# Isabel: Chronicling 2013



## egrogan (Jun 1, 2011)

And since this is the beginning of the journal, I suppose some pictures are in order. Here are some winter pictures to capture how much snow we've had recently.

In the 2nd one, I love how wide her mouth is open to gobble up that hay- she looks like a pyrranah!!


----------



## egrogan (Jun 1, 2011)

So, two things today.
1. R hind still looks funky. When I put thrushbuster on yesterday (got deep into the cracks), it was the first time she showed me it hurt. Lots of tail swishing and quickly jerking the foot up and down almost like she was chasing away flies on the leg. Cleaned it with warm soapy water and more thrushbuster today, but tomorrow I'm going to start the Pete's Goo and see how that goes. It seems like I've tried every possible thrush treatment so far, and that's the only one I haven't done yet. Maybe it will be the one that works. As I was thinking though, I really do believe she's had at least one thrushy foot for almost the entire year- I need to research more how diet relates to thrush and see if there are any changes needed there.

2. Bad ride today. It was the first dreaded day of snow sliding off the roof. She saw some come down within the first 2 minutes I was up, and her mind completely switched off. 

I will say, though, that I was at least a little proud about how we handled it, because I remember last year, the second she saw the snow, she would just simply refuse to go forward and start backing up across the arena. 

I think I'm just a lot more confident in dealing with her reactions this year, as I kept her moving (albeit doing about a million ten meter circles to keep her bending and moving her feet) for a good 20 minutes. There was some balking, some drifting towards the center, some major attempts at avoiding the corner where you could really see the snow sliding down, but I was able to keep her moving. 

Her trot was a crazy, out of control racy mess, so most of what we did was walking. Not sure if that was right or not, but it didn't seem productive to let her keep going at a wild trot when I couldn't really get her responsive enough to moderate her rhythm for more than a few strides- but maybe that's what we work on tomorrow. The best moment- the one we ended on- was when she finally relaxed enough to walk through the "scariest" corner without being all counter-bent and high headed, and gave me a real 10-meter circle in that corner.
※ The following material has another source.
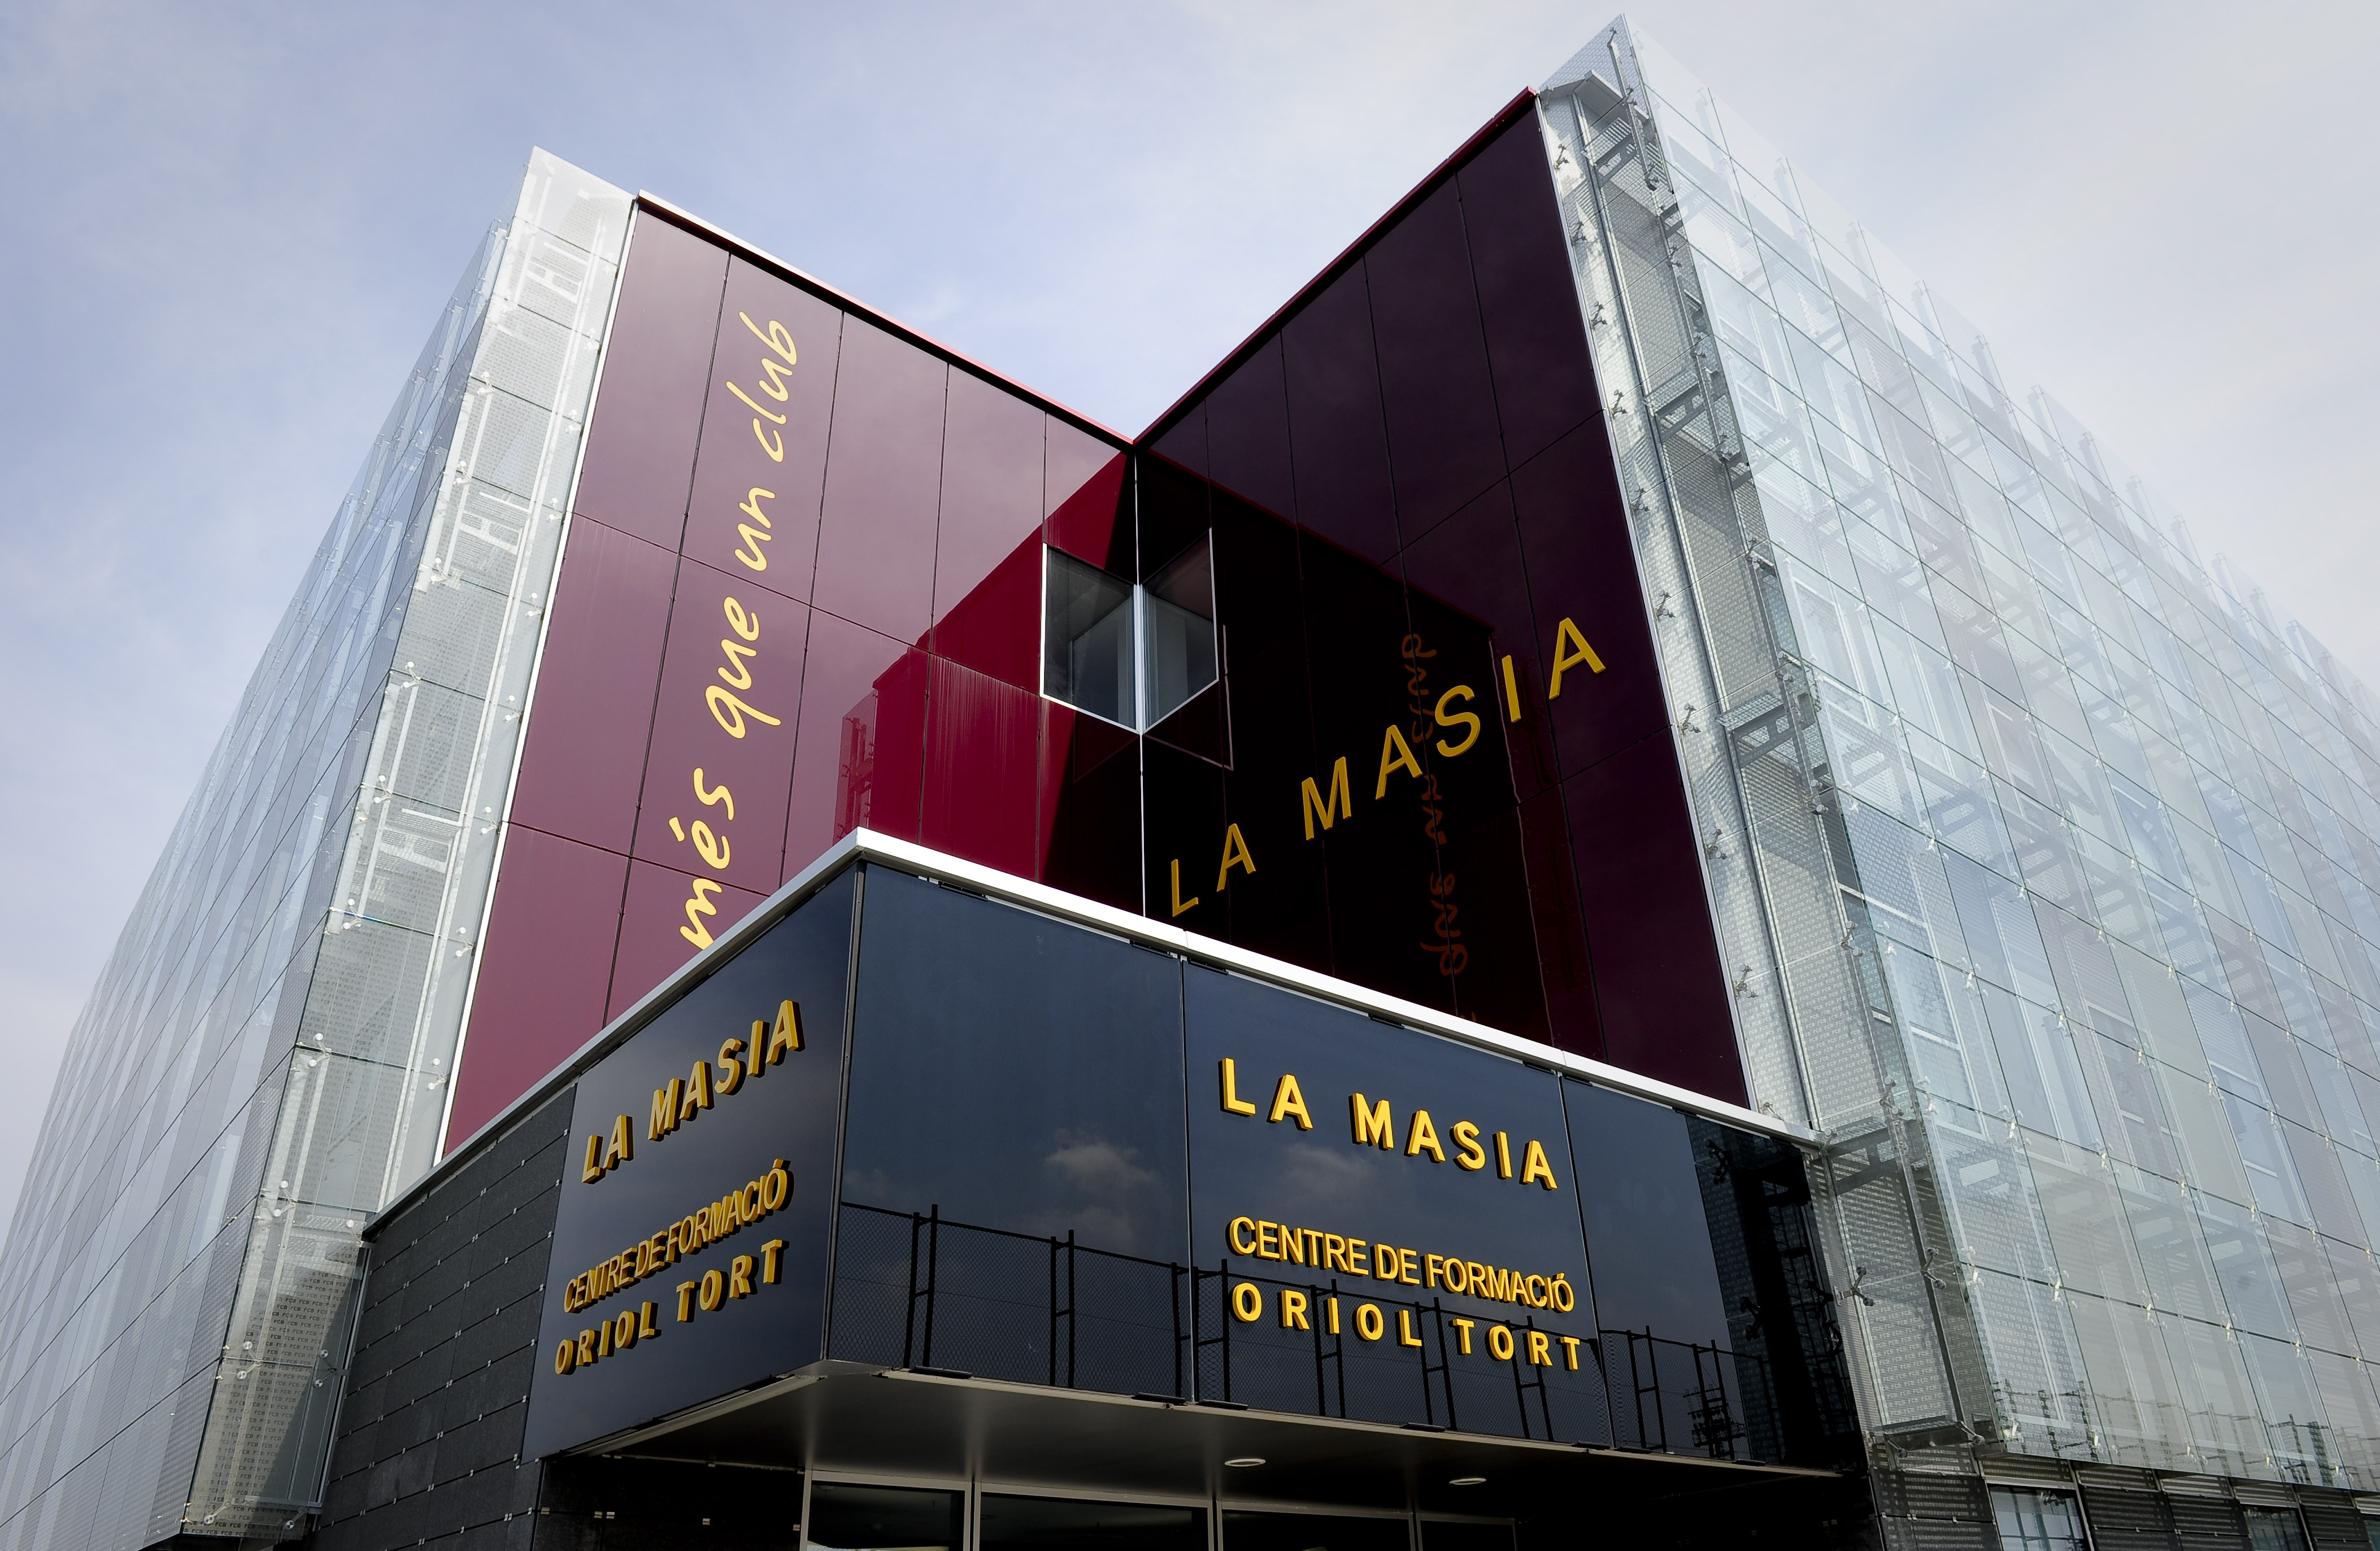 This pictured shows the new building named "La Masia" training centre Oriol Tort where young players of the Barcelona football club live and train, near the Camp Nou stadium in Barcelona  on August 5, 2011 .  AFP PHOTO/ JOSEP LAGO (Photo credit should read JOSEP LAGO/AFP/Getty Images)

I let her stop at that point, even though it was probably only a 15-20 minute ride. Hope that was the right thing to do. Though I really am not quite sure of the best approach for this.


----------



## egrogan (Jun 1, 2011)

Better ride today. Wanted to see how much my own anticipation of the sliding snow affected her, so I returned to the age-old technique of singing while riding. I sang every raunchy sorority pledging song I could remember, and it really helped both of us! There were two loud snow slides, and she didn't even bat an eye. Guess my tension might be causing more of the problem than I though. We'll continue to see if this helps.

Pete's Goo applied to right hind today. Am eager to see if it leads to any improvement.


----------



## egrogan (Jun 1, 2011)

Great ride last night. 

She was very cranky being groomed/saddled because everyone else was being grained and poor abused pony had to get ready to work instead. But, we entered the arena and one of the other boarders was in there riding too. It doesn't happen that often that there are multiple people in the arena at the same time, and I've never ridden at the same time as this particular person. Isabel was being a big time show off for the other horse, which I found hysterical. 

What it taught me was that she _can _be really forward and impulsive, she _can _do a canter depart on the long side rather than in the corner and still get her leads, and she _can _ride through the "scary" part of the arena without batting an eye. Sure, she was a little excitable and very interested in the other horse, but she was _fun _again to ride, for the first time in awhile, because I didn't feel that I needed to nag her every step of the way, she just moved right on out like she always used to do. Now I think the trick is to reproduce that when there isn't another horse in the ring making her show off, and getting a little better concentration on me vs. the other horse when we're not alone in the ring.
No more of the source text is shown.